Arnold Kling comments in this TCS article on the falicy of attempting to cut back on oil consumption to effect the politics of nations such as Saudi Arabia:
Energy conservation sounds like a painless way to lower the Saudis’ income. Who could be against conservation?
The point to keep in mind is that any oil conservation program will do two things. First, it will reduce our ratio of oil consumption to Gross Domestic Product (GDP, the total value of goods and services produced each year).

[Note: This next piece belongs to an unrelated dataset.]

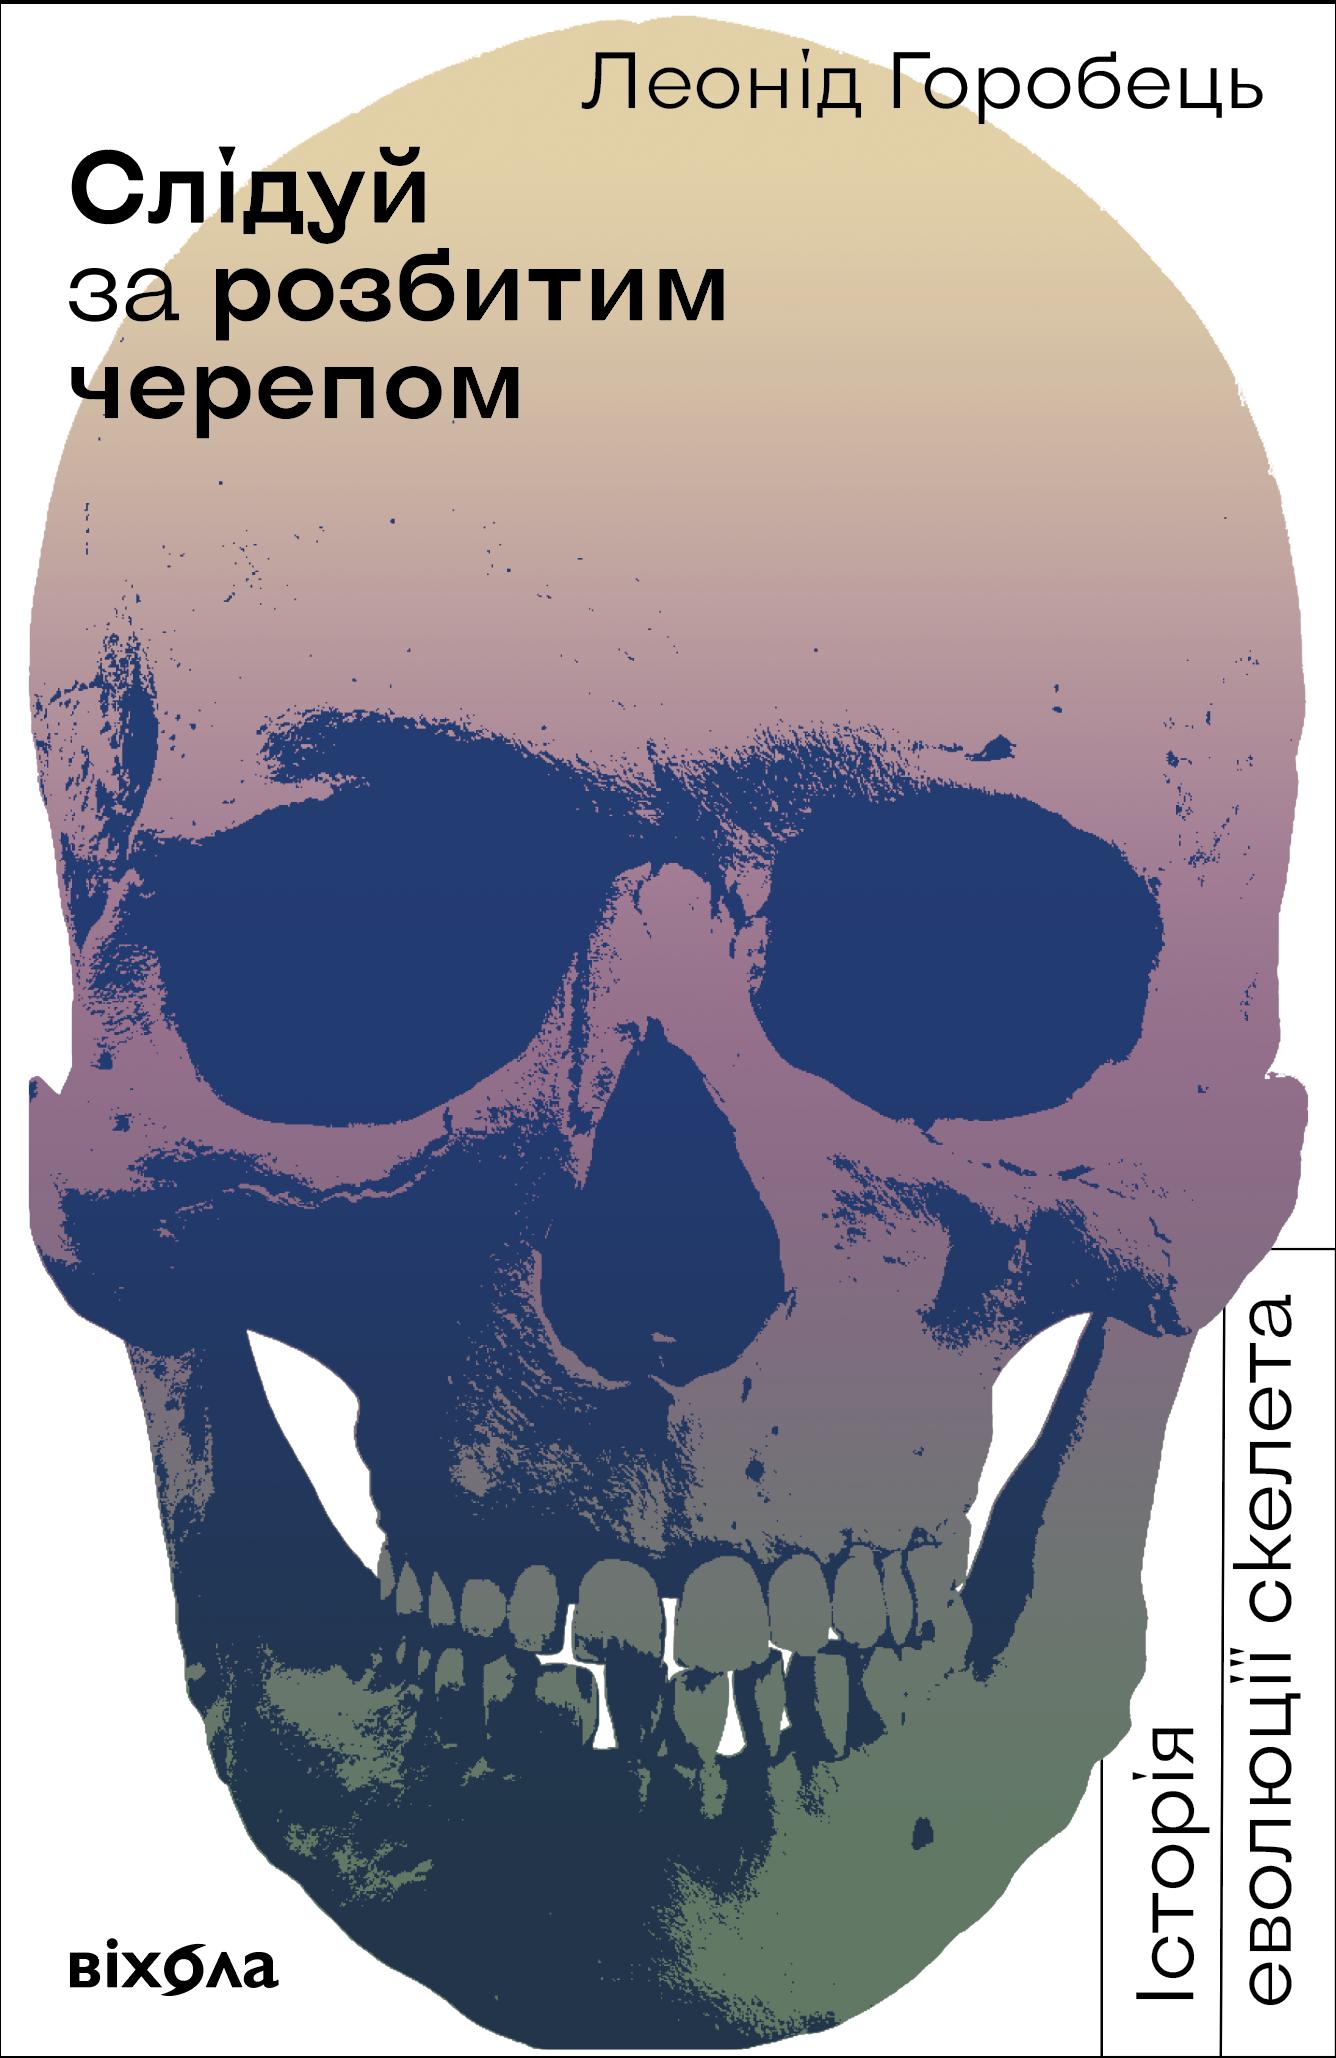 Леонід Горобець Слідуй за розбитим черепом: історія еволюції скелета

Second, oil conservation will reduce GDP. The reason it will reduce GDP is that we will have to substitute other factors of production, including labor, capital, and more costly forms of energy, in order to conserve on oil.
I have received emails suggesting that the United States should aim for a 10 percent reduction in its energy consumption, because this would cause a significant drop in the price of oil. But how much would this reduce our GDP? Perhaps by as much as 10 percent. Even if it only were to reduce our GDP by 5 percent, that would be $500 billion. If your goal is to change the foreign policy of Saudi Arabia, my guess is that there are ways of doing so that would cost less than $500 billion.
The reality is that energy conservation is a feeble tool for foreign policy. Significant conservation could be very costly to our own country. It might have only a small effect on Saudi oil revenue. It is not at all clear that a drop in Saudi oil revenue would bring about favorable changes in their policies toward terrorism
Read the whole thing. The politico-economics of oil is a very complex matter. I might also add to Kling’s excellent work that it’s falicy to increase domestic oil production (perticularly if subsidies are involved) to reduce “dependence” on foreign oil. If we are going to be using up the world’s oil reserves, doesn’t it make more sense to be using up their’s than our’s?